Before attending the University of Birmingham, the vocalist Simon Le Bon spent part of his gap year in 1979 volunteering at Gvulot, a kibbutz in southern Israel. (Note: Zaleski dates Le Bon's time at Gvulot to 1978, while Le Bon has recalled being there in 1979.) During his time there, he wrote the lyrics to "The Chauffeur" in a personal notebook he had begun compiling in 1977, which he used to write lyrics and poems while performing with earlier bands such as Dog Days and Rov Ostrov. Le Bon later presented the notebook to Duran Duran at his audition, and according to the band, his original vision for "The Chauffeur" was more acoustic. He recalled that, prior to joining the group, he would sing and play songs like "The Chauffeur" on guitar.

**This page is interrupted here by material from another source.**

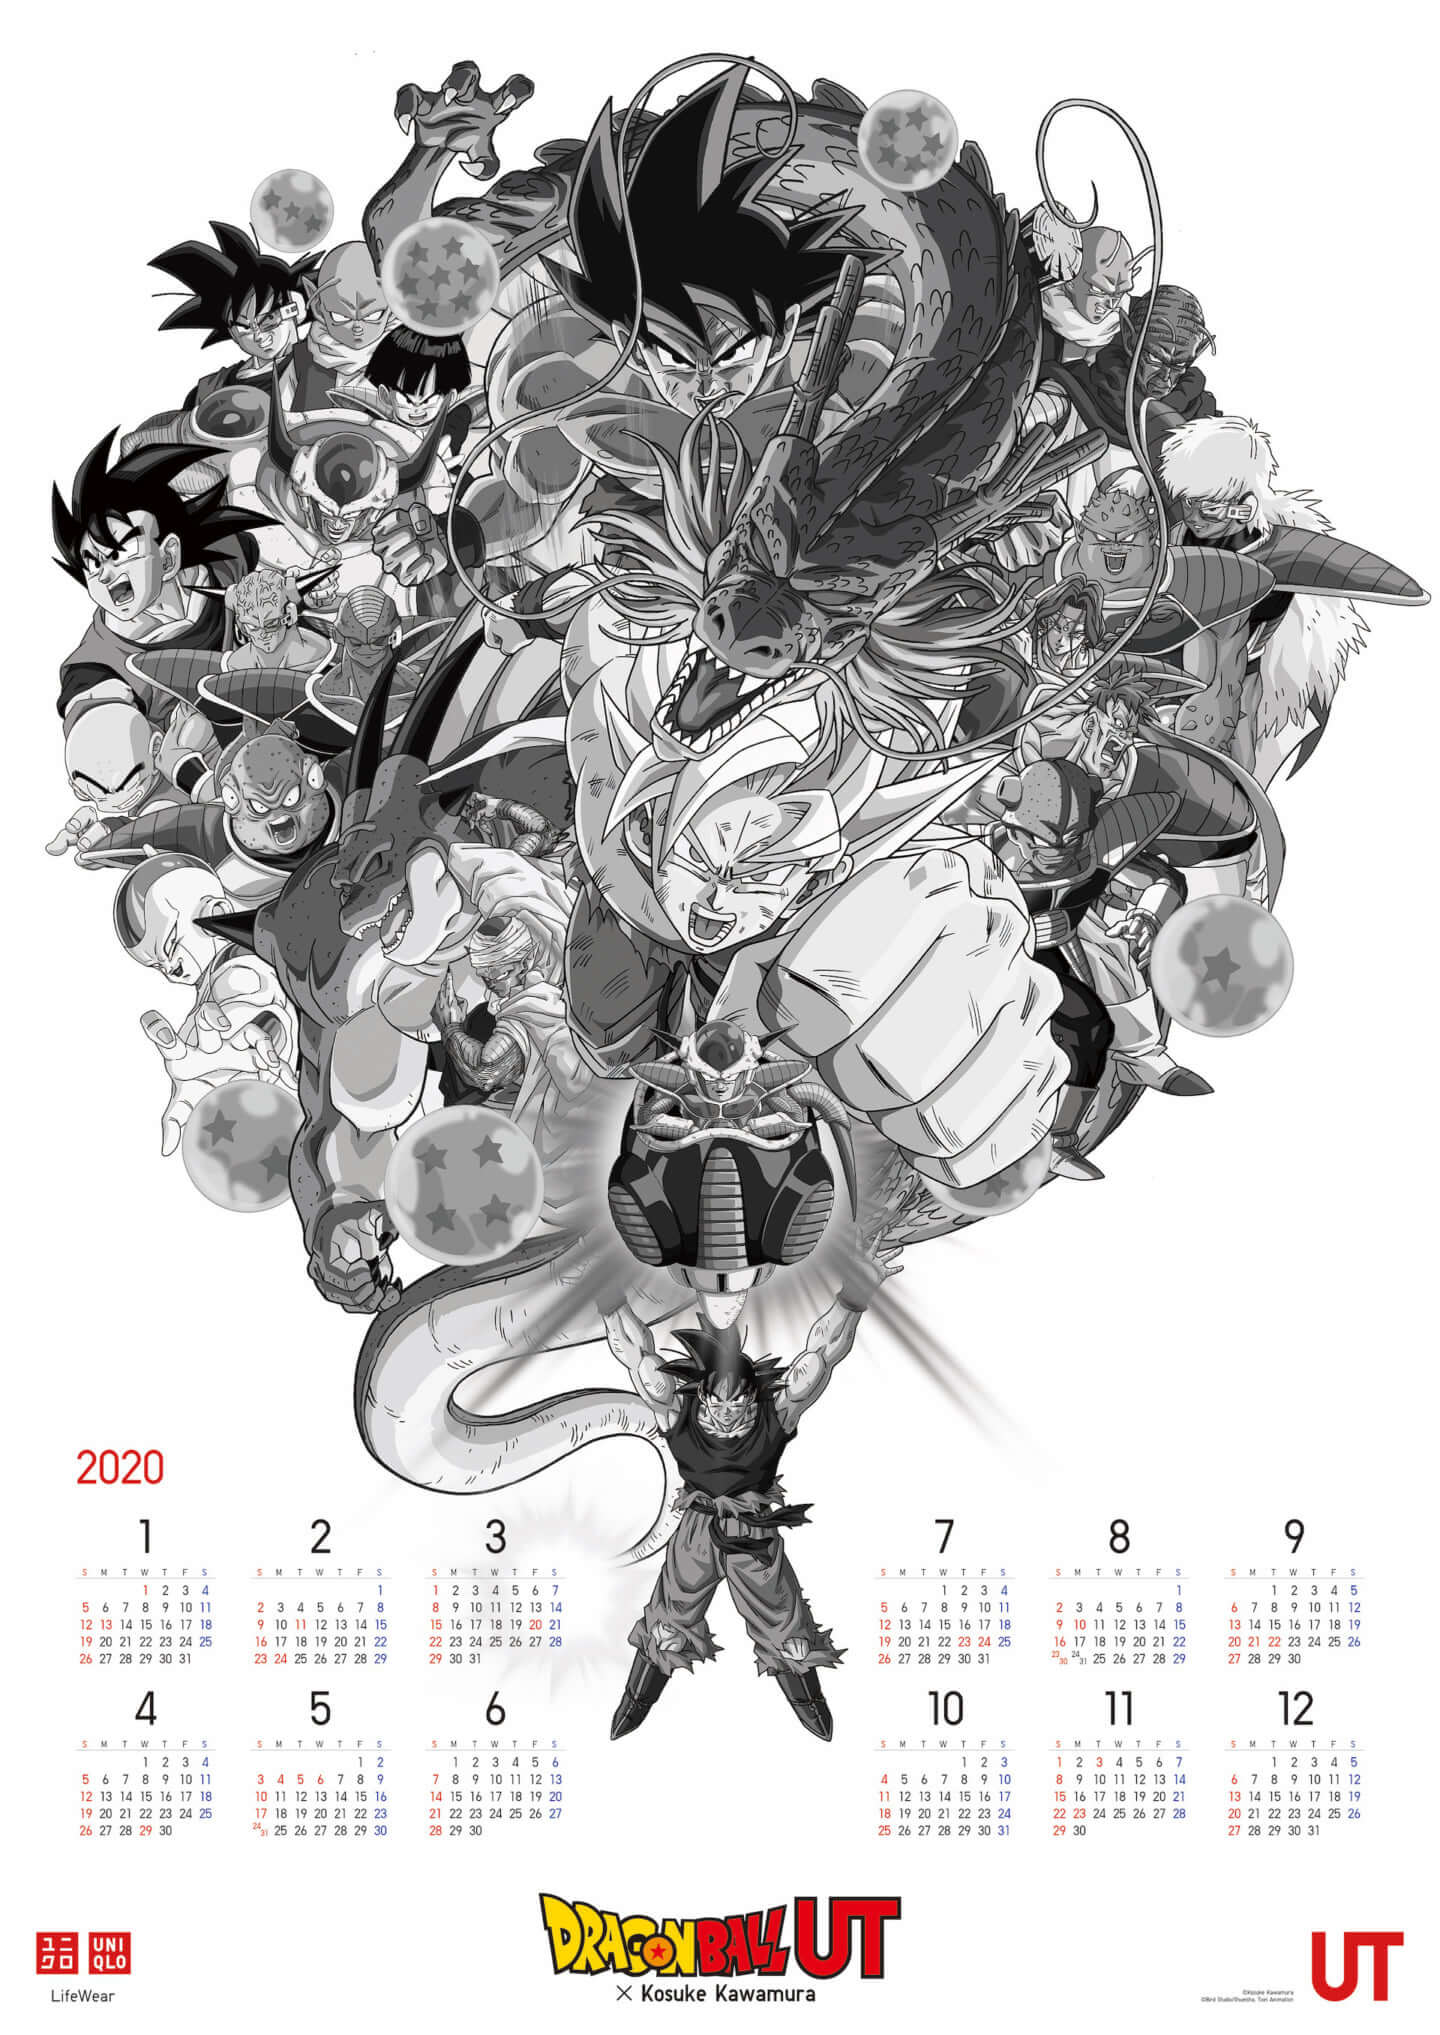 ユニクロUT×ドラゴンボールTシャツ発売日決定!スペシャルムービーが本日から公開 lifefashion191101_dragonballut_01-1-1440x2035

An early version of "The Chauffeur" was recorded with the sound engineer Renate Blauel before Duran Duran moved to AIR Studios to continue work on their second studio album, Rio (1982). According to the bassist John Taylor, it was the only song on the album not fully arranged before recording began, instead developing in the studio from an acoustic guitar sketch by Le Bon. Drawn to the lyrics' vivid imagery, the keyboardist Nick Rhodes described them as "strangely exotic" and "really visual", and envisioned writing a piece that was "almost completely electronic". Despite acknowledging that such an approach was "politically a little difficult" within the band at the time, he proceeded to do so. Reflecting on this, Rhodes described the track as "an important stepping block in our sound" during the making of Rio, noting that it was "the first really completely electronic thing that we'd done".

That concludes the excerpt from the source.